To see how this can be used, we can visualize these estimates for the internal nodes by creating new prediction data and plotting the predictions on a tree:
#use gratia's data_slice function to create prediction levels for all the values of species
phylo_pred_data <- gratia::data_slice(
object = m_phylo1,
species_phylo = evenly(species_phylo),
species = ref_level(species)
) |>
mutate(label = species_phylo)
#add the predicted values for the two models, excluding the species-level random effect from the predictions
phylo_pred1 <- phylo_pred_data |>
add_fitted(model = m_phylo1, value = "estimate", exclude = "s(species)")
phylo_pred2 <- phylo_pred_data |>
add_fitted(model = m_phylo2, value = "estimate", exclude = "s(species)")

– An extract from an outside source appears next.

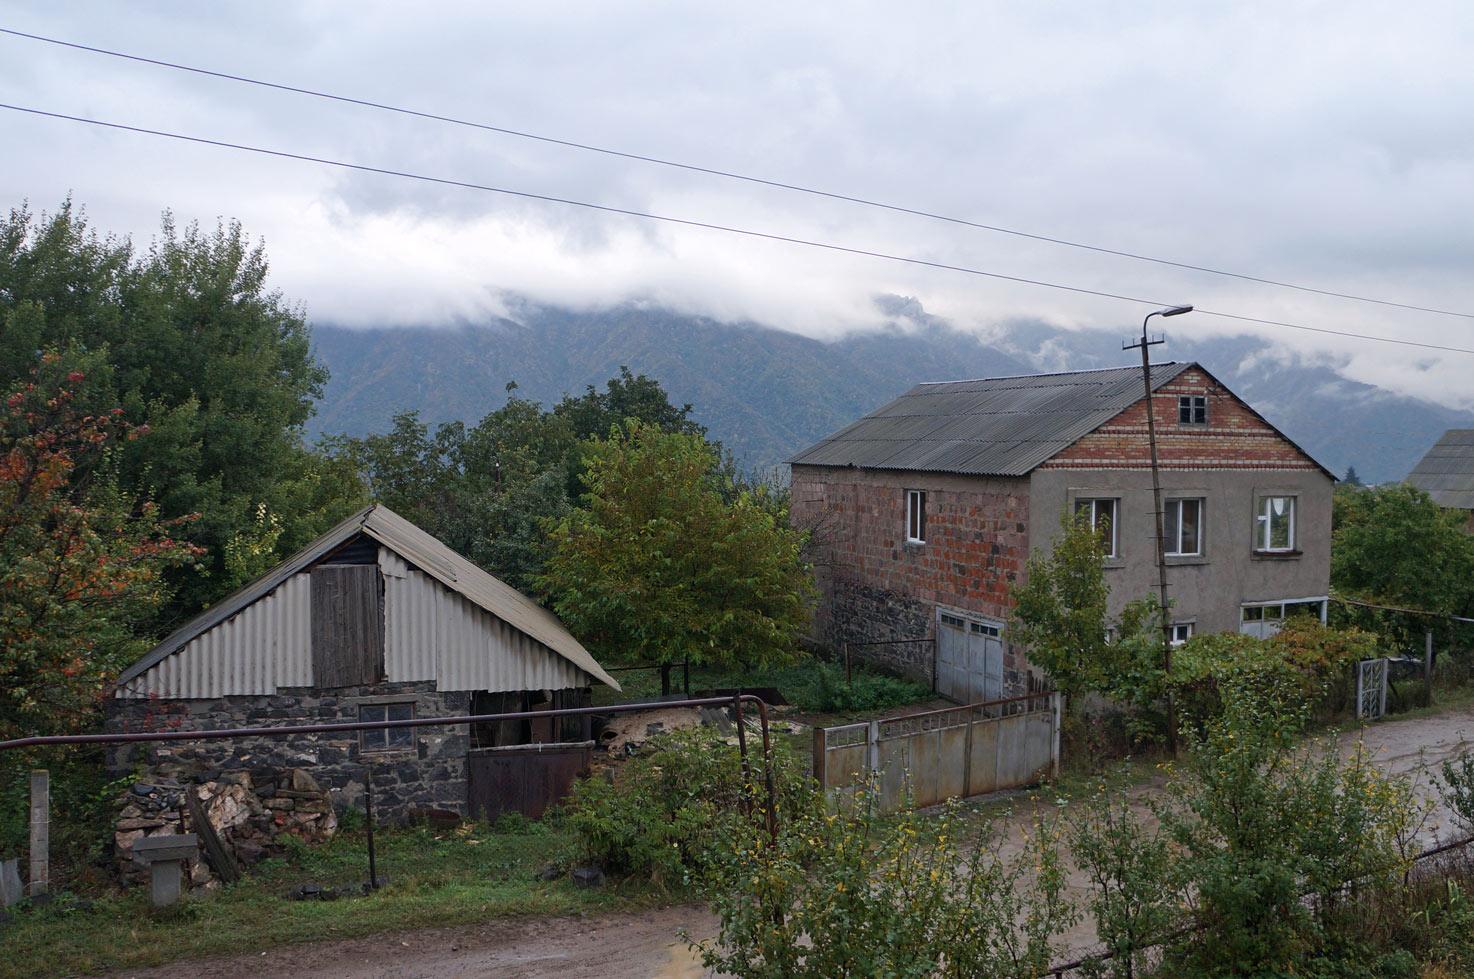 Из Армении в Грузию. Часть 3. Монастыри за облаками

pred1_tree <- phylo_pred1 |>
full_join(tree,y = _, by = "label")
pred2_tree <- phylo_pred2 |>
full_join(tree,y = _, by = "label")
trs_pred <- list(`Trait 1` = pred1_tree, `Trait 2` = pred2_tree)
class(trs_pred) <- 'treedataList'
trait_pred_plot <- ggtree(trs_pred) +
facet_wrap(~.id) +
geom_nodepoint(aes(fill = estimate), shape = 21, size = 2)+
geom_tippoint(aes(fill = estimate), shape = 21, size = 2) +
scale_fill_continuous_divergingx(
name = "Estimated trait value",
palette = 'RdBu',
mid = 0,
rev = TRUE
) +
theme(legend.position = "bottom")
trait_pred_plot
Note that the root node is estimated to have a non-zero value for both models; this is not an error; in this case, the regression model includes an unpenalized intercept term, so the estimated value of the root here corresponds to the estimated value of the intercept; the estimated phylogenetic smooth value for this node should be zero.
If you instead want to fit a model for only the tips of a tree, you can do so by specifying internal_nodes = FALSE.
S_phylo_tips <- mrf_penalty(tree, internal_nodes = FALSE)
#this should be a 20 x 20 matrix:
dim(S_phylo_tips)[1] 20 20
We can see that this gives an almost identical model fit for the trait with phylogenetic signal. We can do this by using the new penalty, and just setting drop.unused.levels = FALSE (although in general you should not rely on this functionality, and instead specify factor levels explicitly in the data):
m_tips_phylo1 <- gam(
y1 ~ s(species_phylo, bs = "mrf", xt = list(penalty = S_phylo_tips)) +
s(species, bs = "re"),
data = phylo_df,
method = "REML",
drop.unused.levels = TRUE
)
overview(m_tips_phylo1)
Generalized Additive Model with 3 terms
term type k edf ref.edf statistic p.value
<chr> <chr> <dbl> <dbl> <dbl> <dbl> <chr>
1 Intercept parametric NA 1 1 3.64 <0.001
2 s(species_phylo) MRF 19 16.7 19 26.2 <0.001
3 s(species) Random effect 20 0.00113 19 0.0000587 0.0135
However, this model is now unable to make predictions for internal nodes.